# a little support would be really appreciate



## Delabaal (Jul 29, 2009)

Hi,
I've tried to install freebsd 7.2 on a packard-bell laptop
and i'm willing to understand how to fix some partitionning troubles.

I've 1 hard disk Of 120 Go, partitionned like this :
- 2 Go on a hide partition for recovery
- 80 Go - NTFS - Vista
- 40 Go of free space : swap + BSD or linux partition

Previously i was using debian in the 40 Go.
After installing FreeBSD i'm unable to boot any system, even by reinstalling grub (display stage 1.5 but freeze on loading grub ...) or windows MBR(cursor only). 

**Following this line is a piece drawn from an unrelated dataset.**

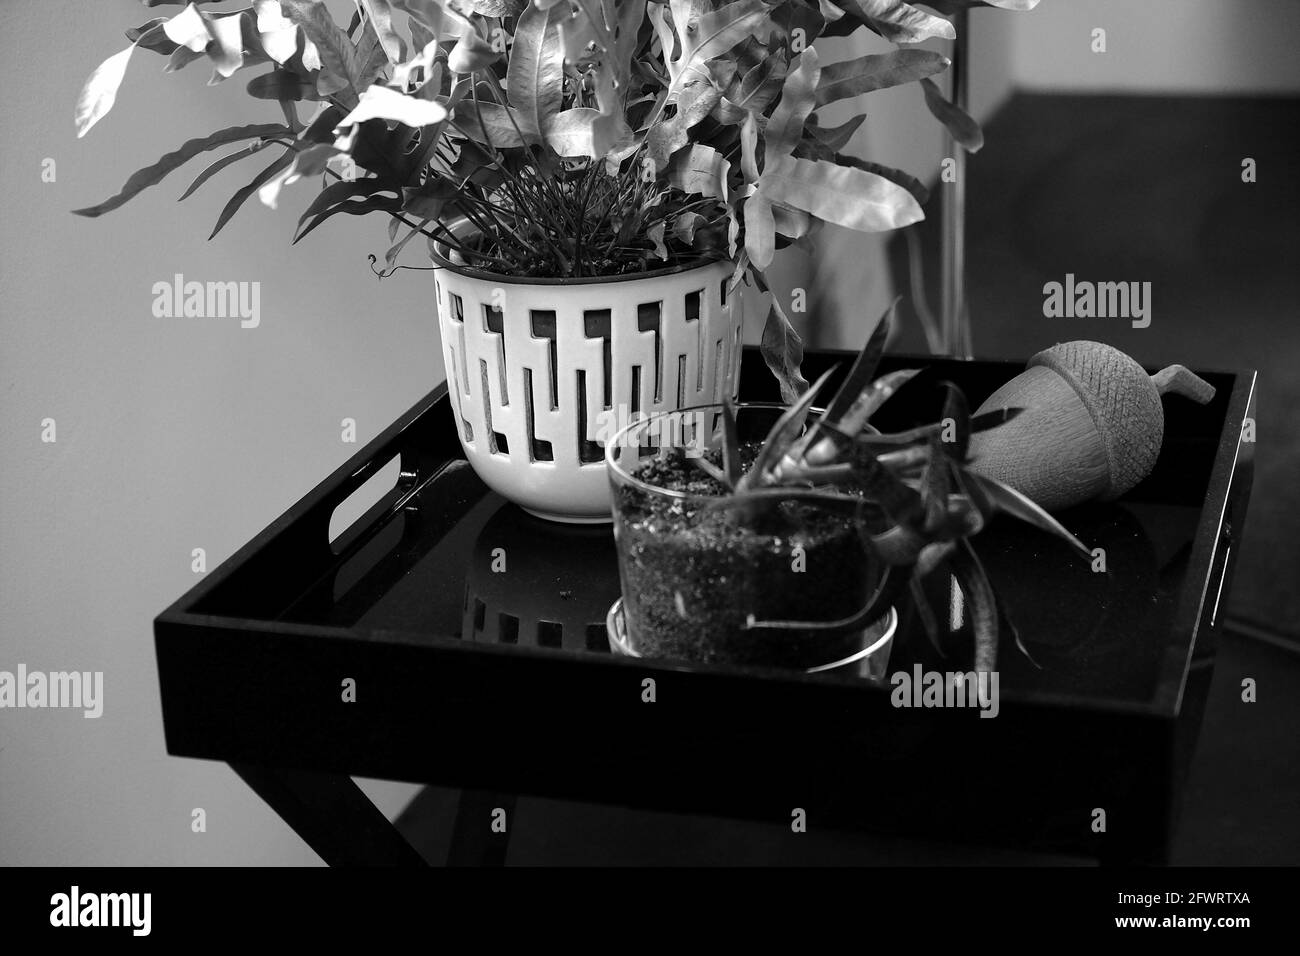 Prise de vue en niveaux de gris de plantes en pot à l'intérieur Banque D'Images

During installation process i only notice the following message at the end of partitionning : 
Partition 1 not aligned on cylinder boundary (the recovery  partition)
Partition 2 not aligned on cylinder boundary ( the vista partition)

I would rather prefer keep the actual configuration instead of hard formatting the entire disk.

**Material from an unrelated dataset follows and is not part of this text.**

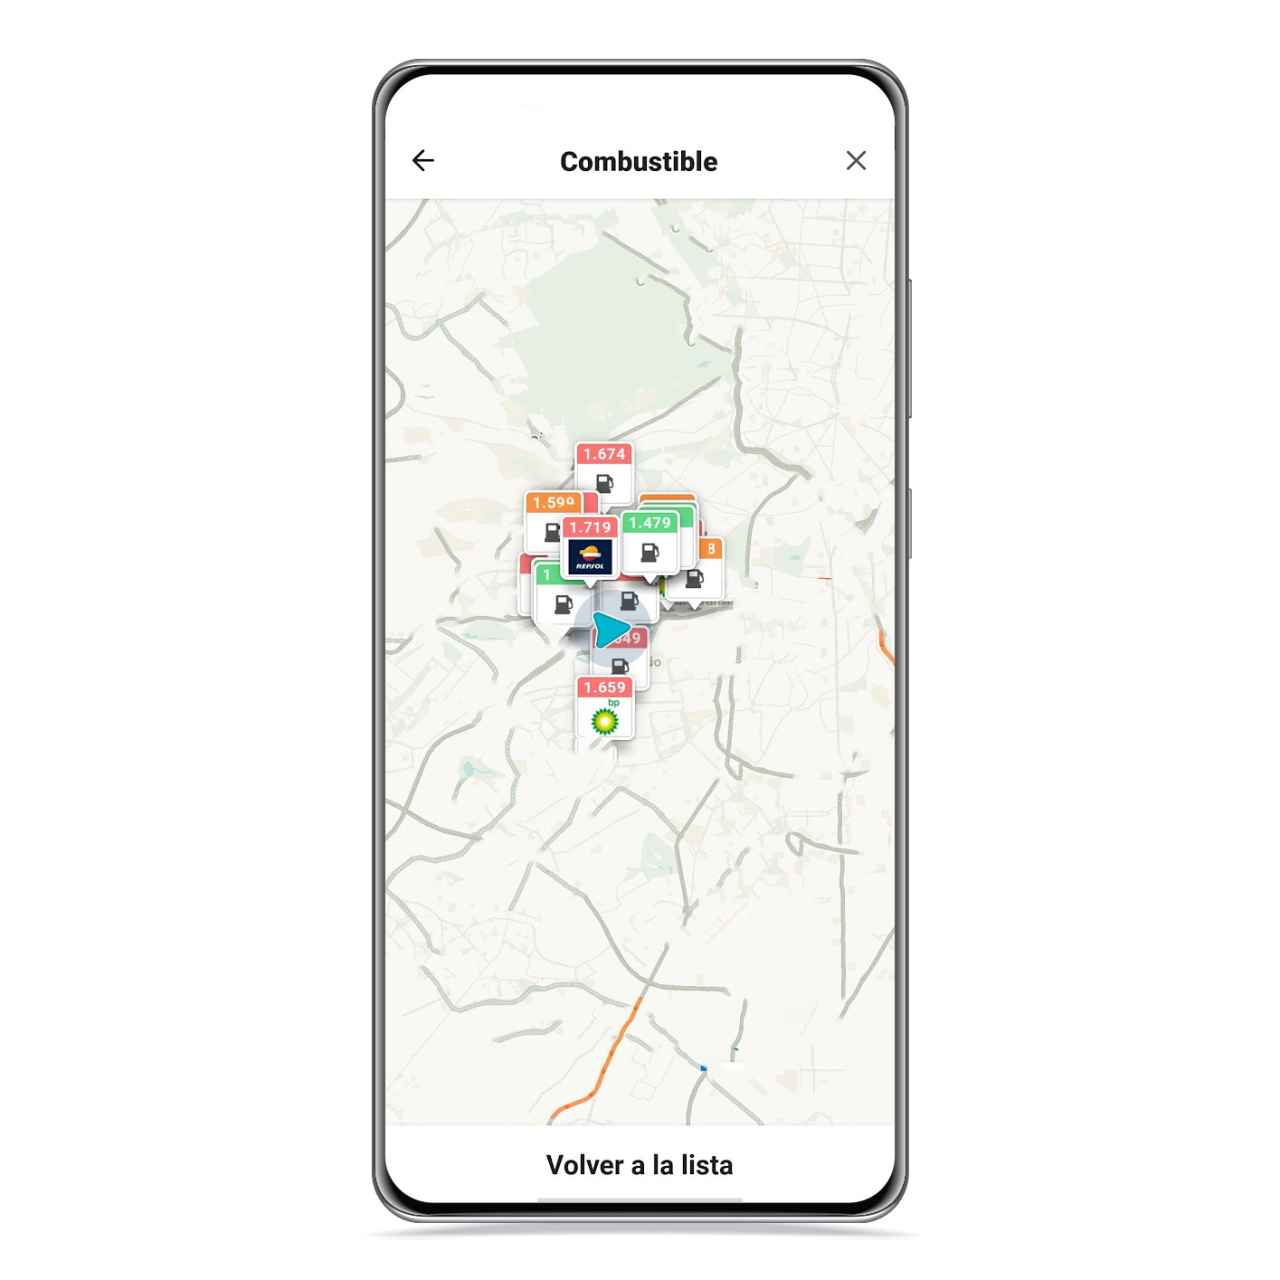 Mapa de gasolineras cercanas en Waze

Can someone show me the ligth in this godam darkness ?

Many thanx in advance


----------



## SirDice (Jul 29, 2009)

FreeBSD doesn't use GRUB, if you installed Freebsd in the 40GB slice reinstalling grub won't work. Grub simply won't be able to find the files it needs.

Try to restore at least vista:
http://neosmart.net/wiki/display/EBCD/Recovering+the+Vista+Bootloader+from+the+DVD


----------



## ale (Jul 29, 2009)

Maybe you can try creating a floppy with GAG.
If you can boot into FreeBSD, you can install grub from ports and run the setup again.


----------



## aragon (Jul 29, 2009)

Those cylinder boundary problems might create trouble for bootloaders, just so you know.  I suggest either recovering the DOS bootcode (as SirDice suggested), or install FreeBSD's bootloader.  It should be possible to install that from the FreeBSD install CD, and it will let you dual boot windows and FreeBSD.


----------



## Delabaal (Jul 29, 2009)

thank you.*

the FBSD boot loader freeze too. I have a list with my 3 entries but i can boot on any of it ??


----------



## Delabaal (Jul 29, 2009)

sorry : i *can't* boot on any of it ?


----------



## Delabaal (Jul 30, 2009)

66 Bad blocks ...

partitions saved by using dd and ntfsclone in a live CD. it sucks ...


----------



## SirDice (Jul 30, 2009)

Delabaal said:
			
		

> 66 Bad blocks ...


Better replace that drive asap.


----------